Output every line below as it stands, dropping only the images.

*** DATA ***

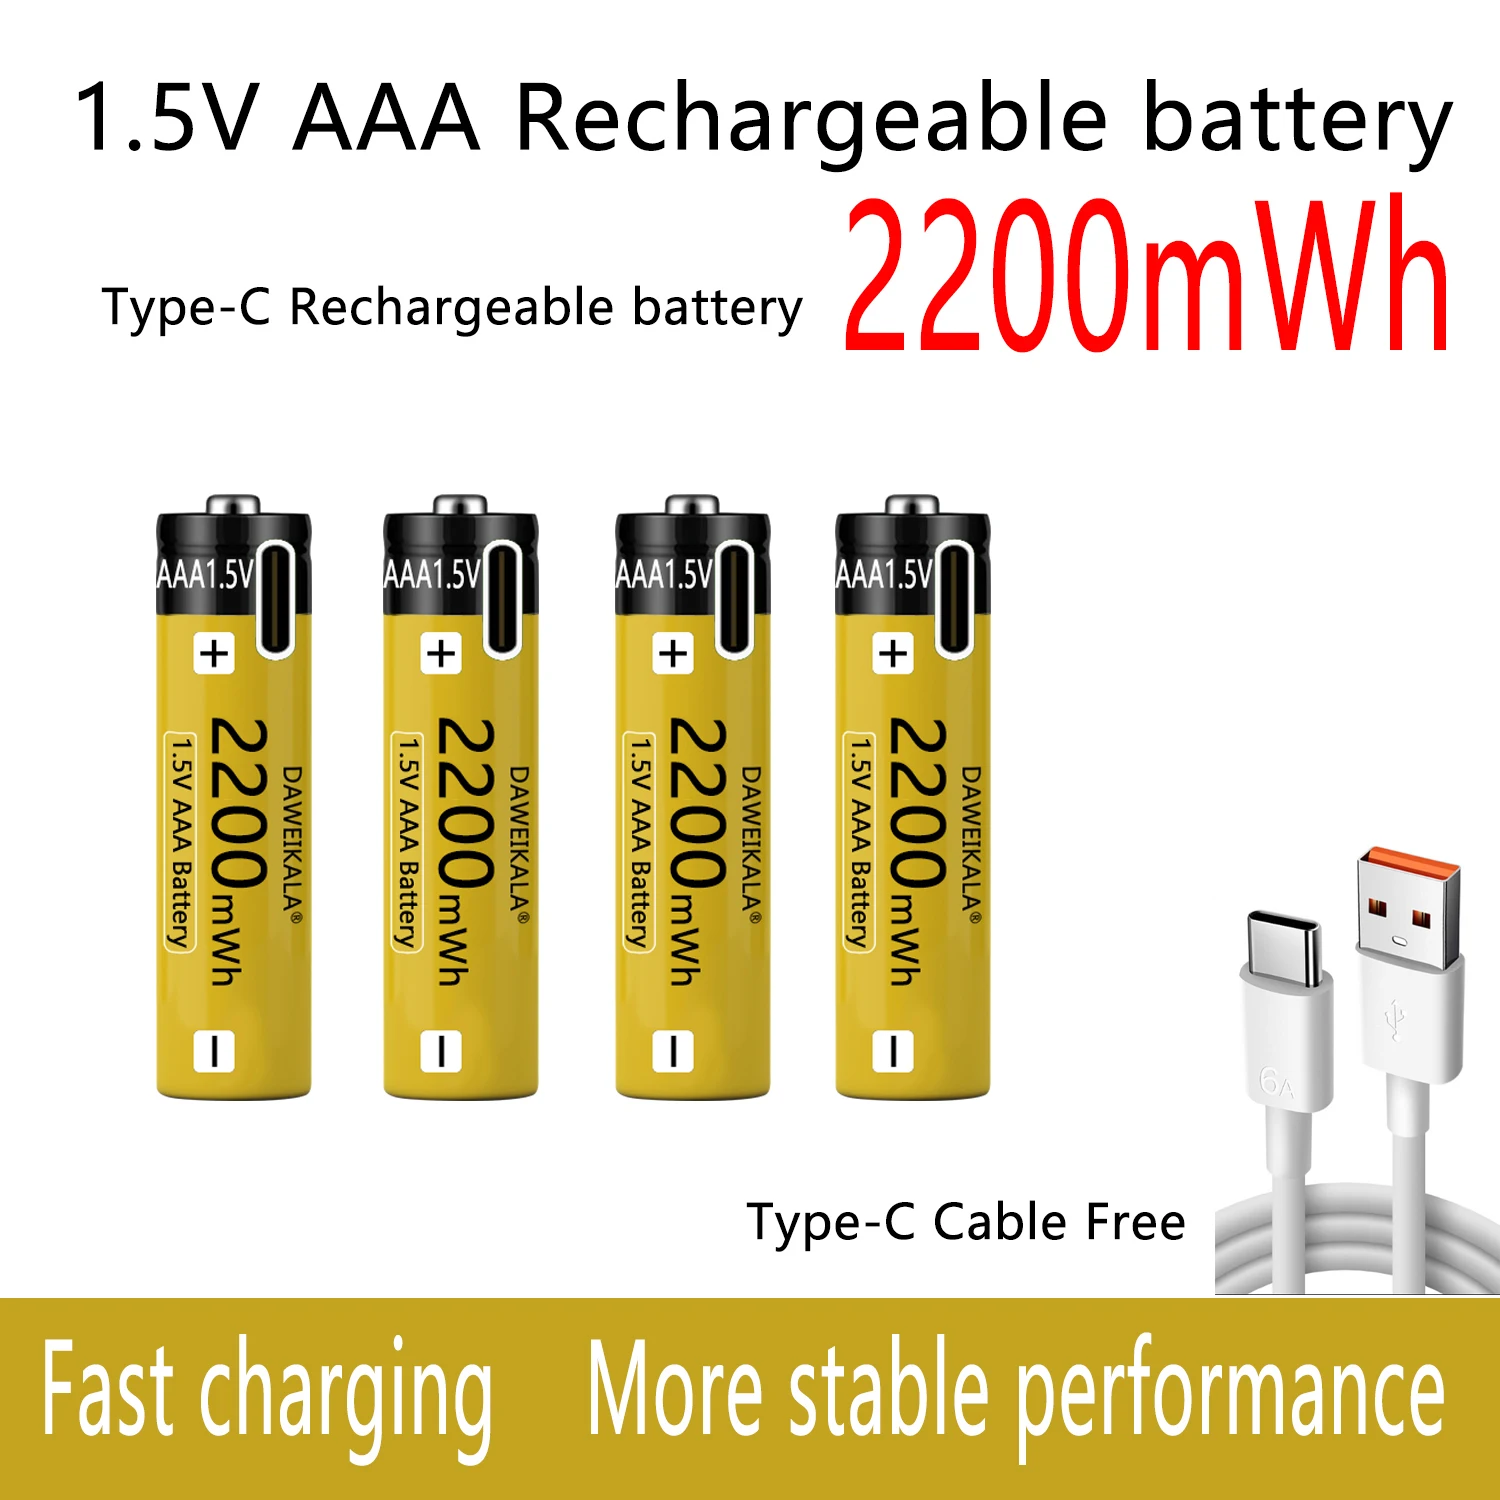 Батарея AAA 1,5 В, аккумуляторная батарея NiZn, стабильная производительность, длительное время использования, аккумуляторы для игрушек, камеры, быстрая зарядка Type-C
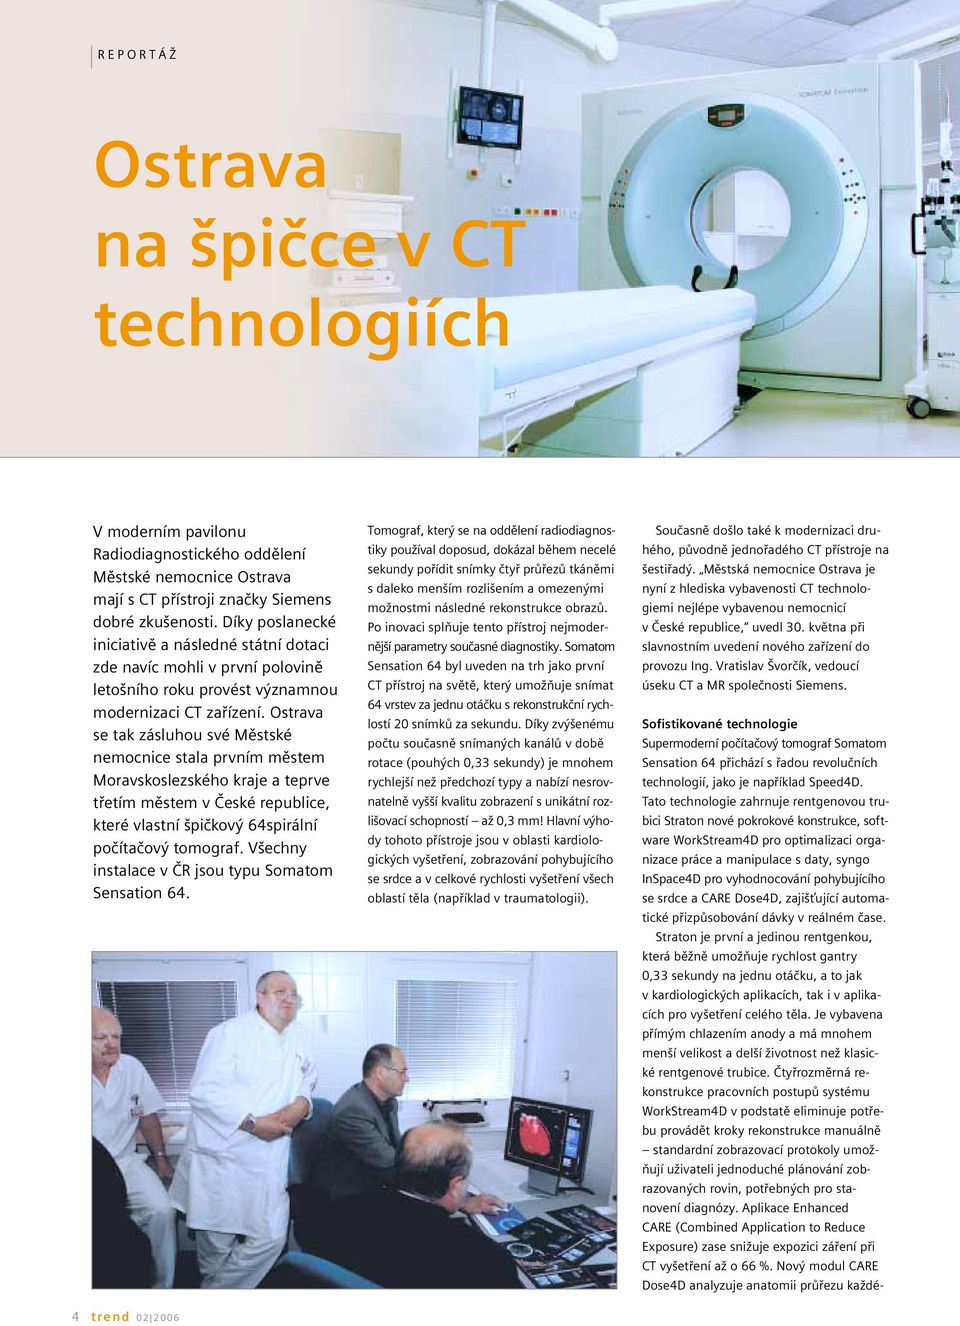 Ostrava se tak zásluhou své Městské nemocnice stala prvním městem Moravskoslezského kraje a teprve třetím městem v České republice, které vlastní špičkový 64spirální počítačový tomograf.
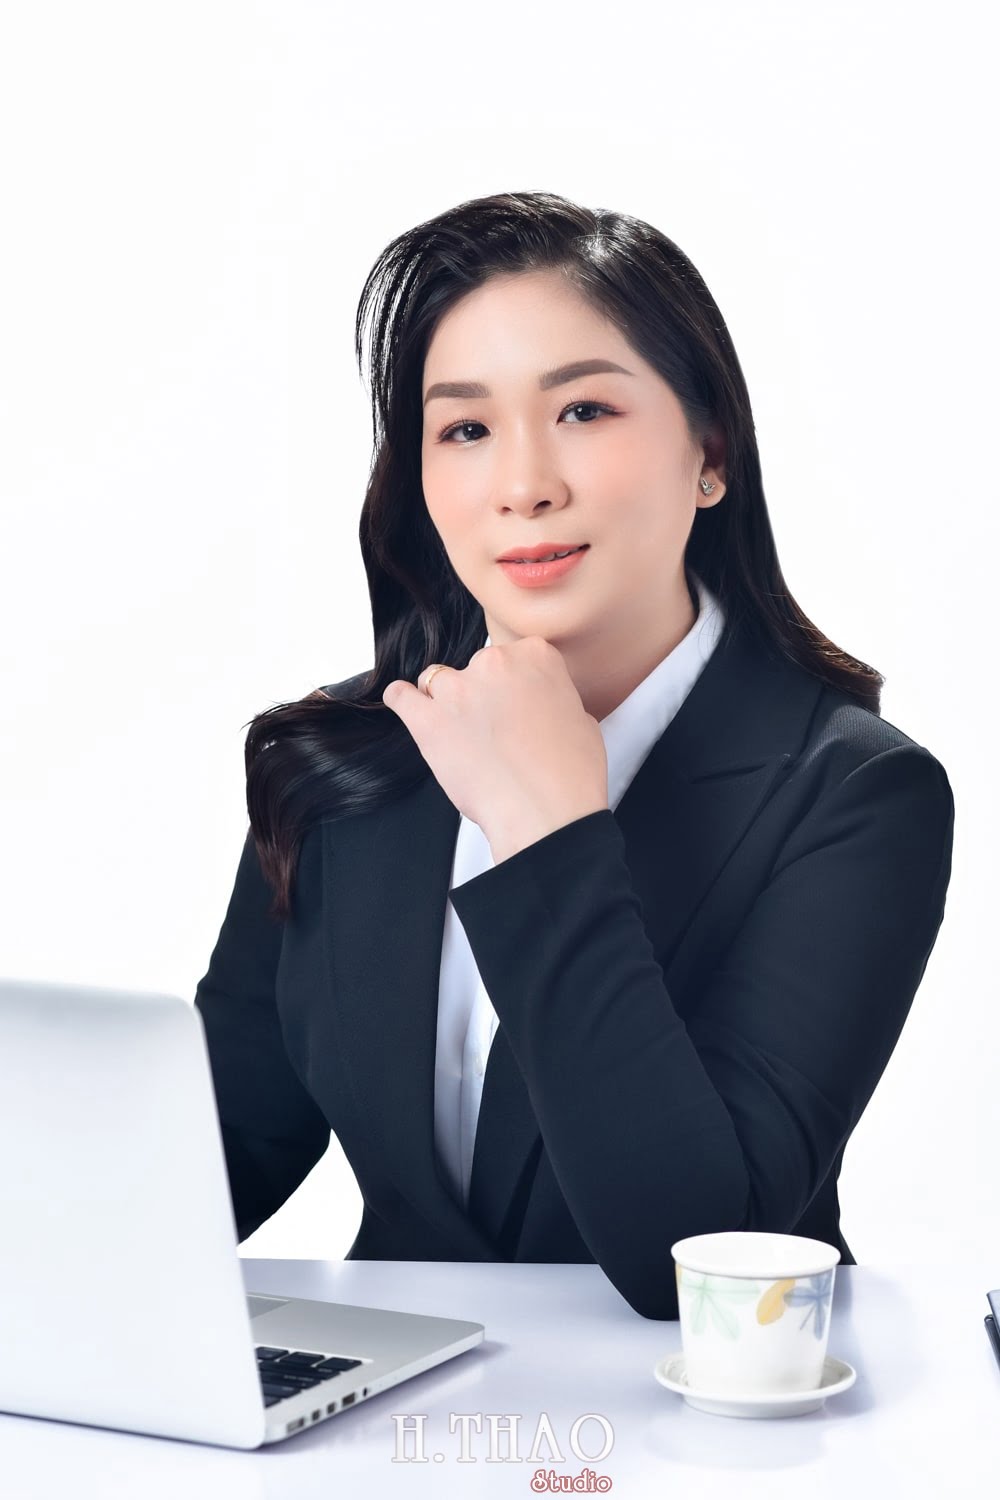 Anh doanh nhan nu 31 min - Cách chụp ảnh với áo vest nữ đẹp, trẻ trung, chuyên nghiệp- HThao Studio
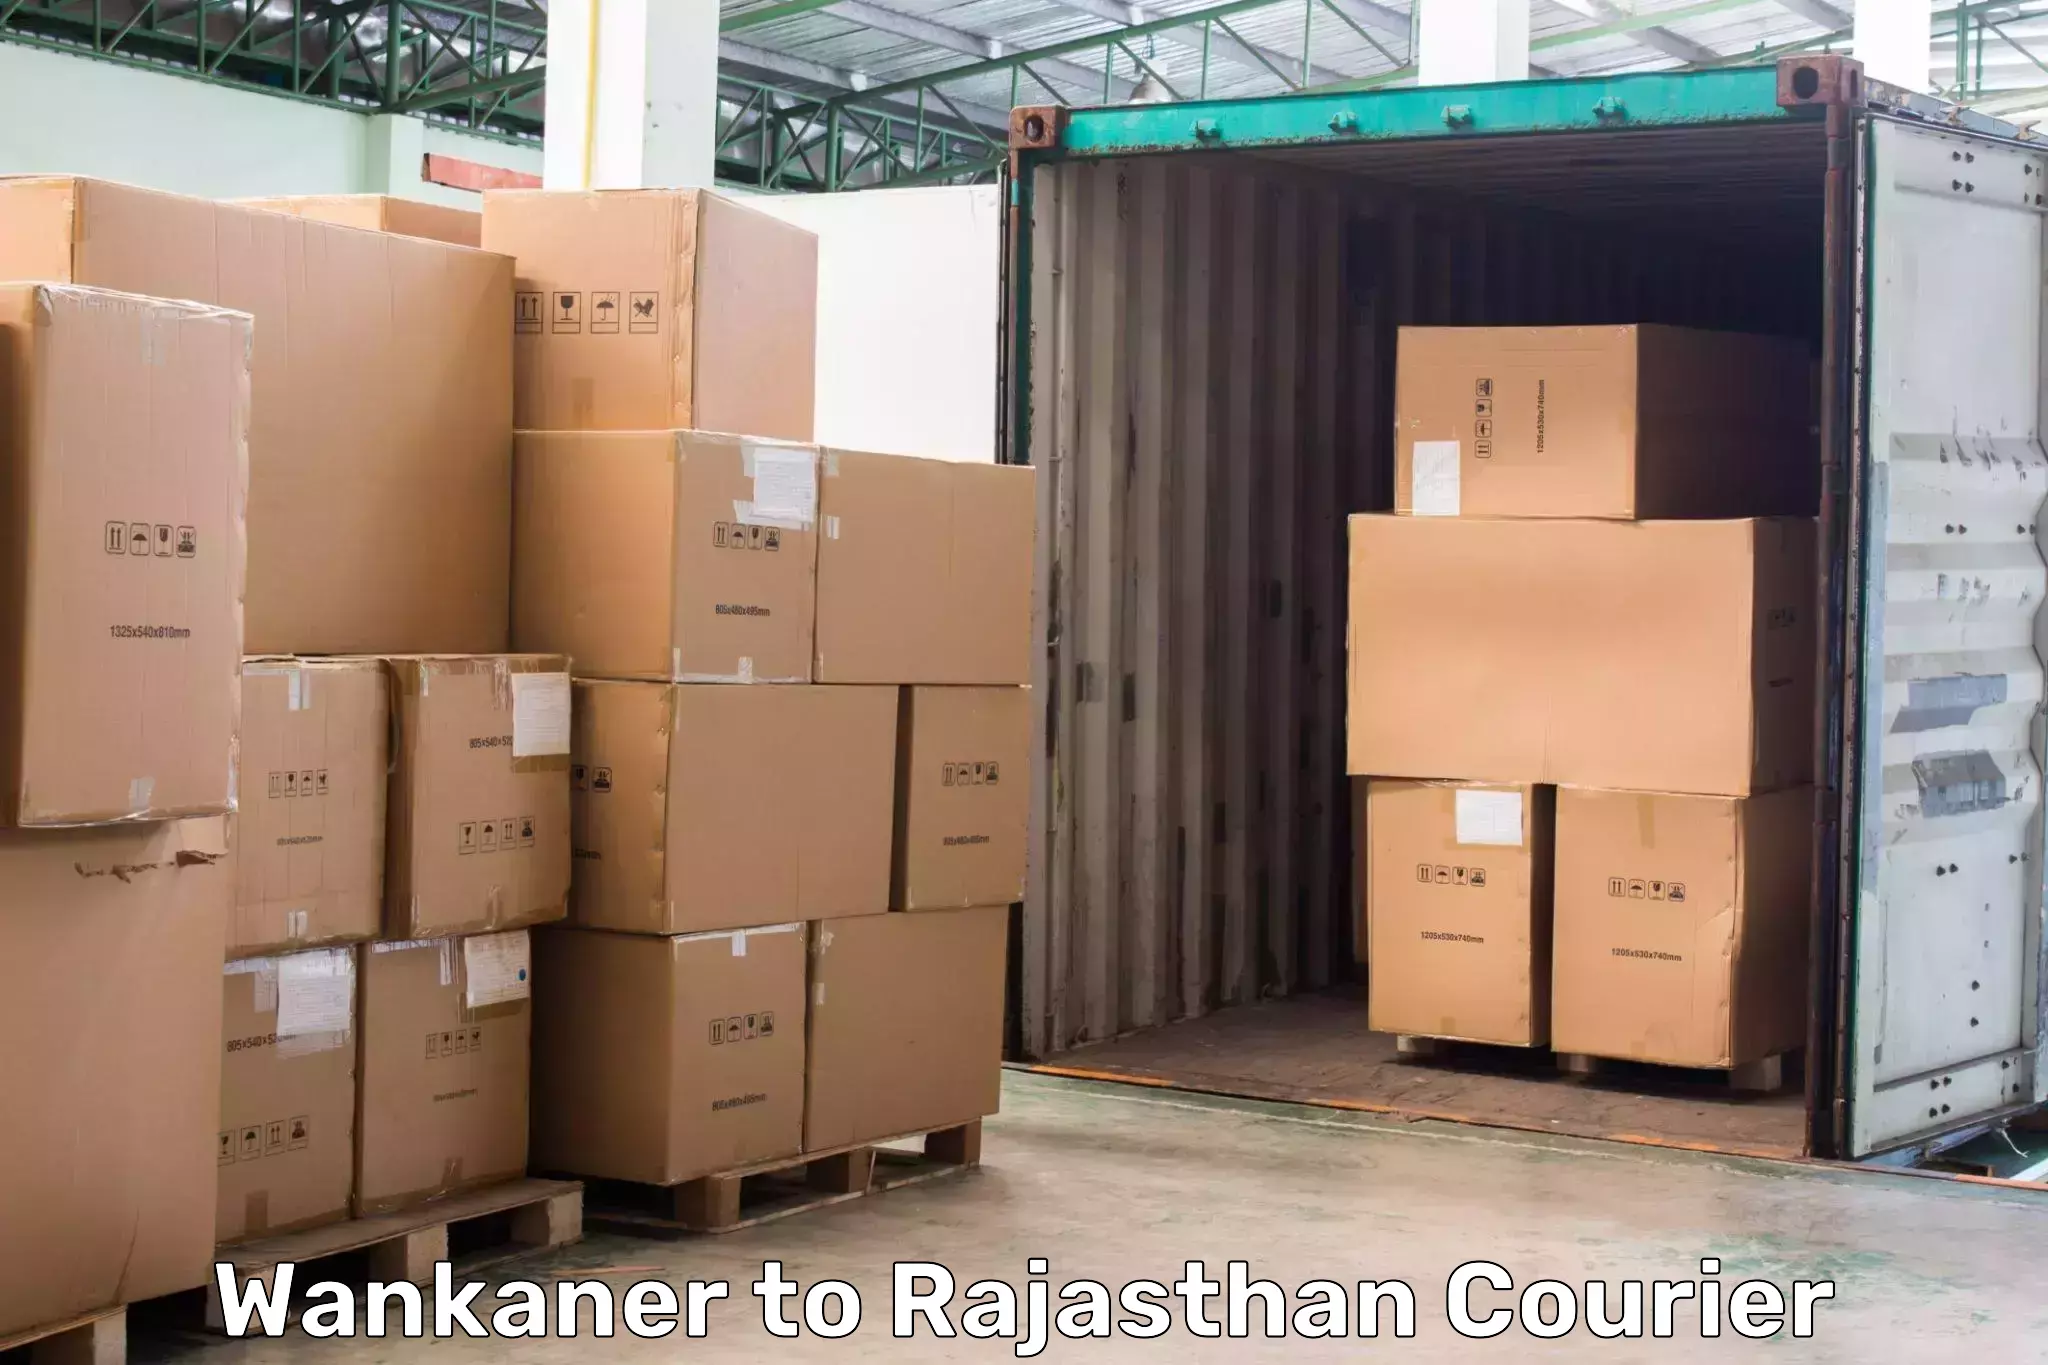 Doorstep delivery service Wankaner to Kalwar

*** End of DATA ***

:: ANSWER BOX ::
 Батарея AAA 1,5 В, аккумуляторная батарея NiZn, стабильная производительность, длительное время использования, аккумуляторы для игрушек, камеры, быстрая зарядка Type-C
 Ostrava se tak zásluhou své Městské nemocnice stala prvním městem Moravskoslezského kraje a teprve třetím městem v České republice, které vlastní špičkový 64spirální počítačový tomograf.
 Anh doanh nhan nu 31 min - Cách chụp ảnh với áo vest nữ đẹp, trẻ trung, chuyên nghiệp- HThao Studio
 Doorstep delivery service Wankaner to Kalwar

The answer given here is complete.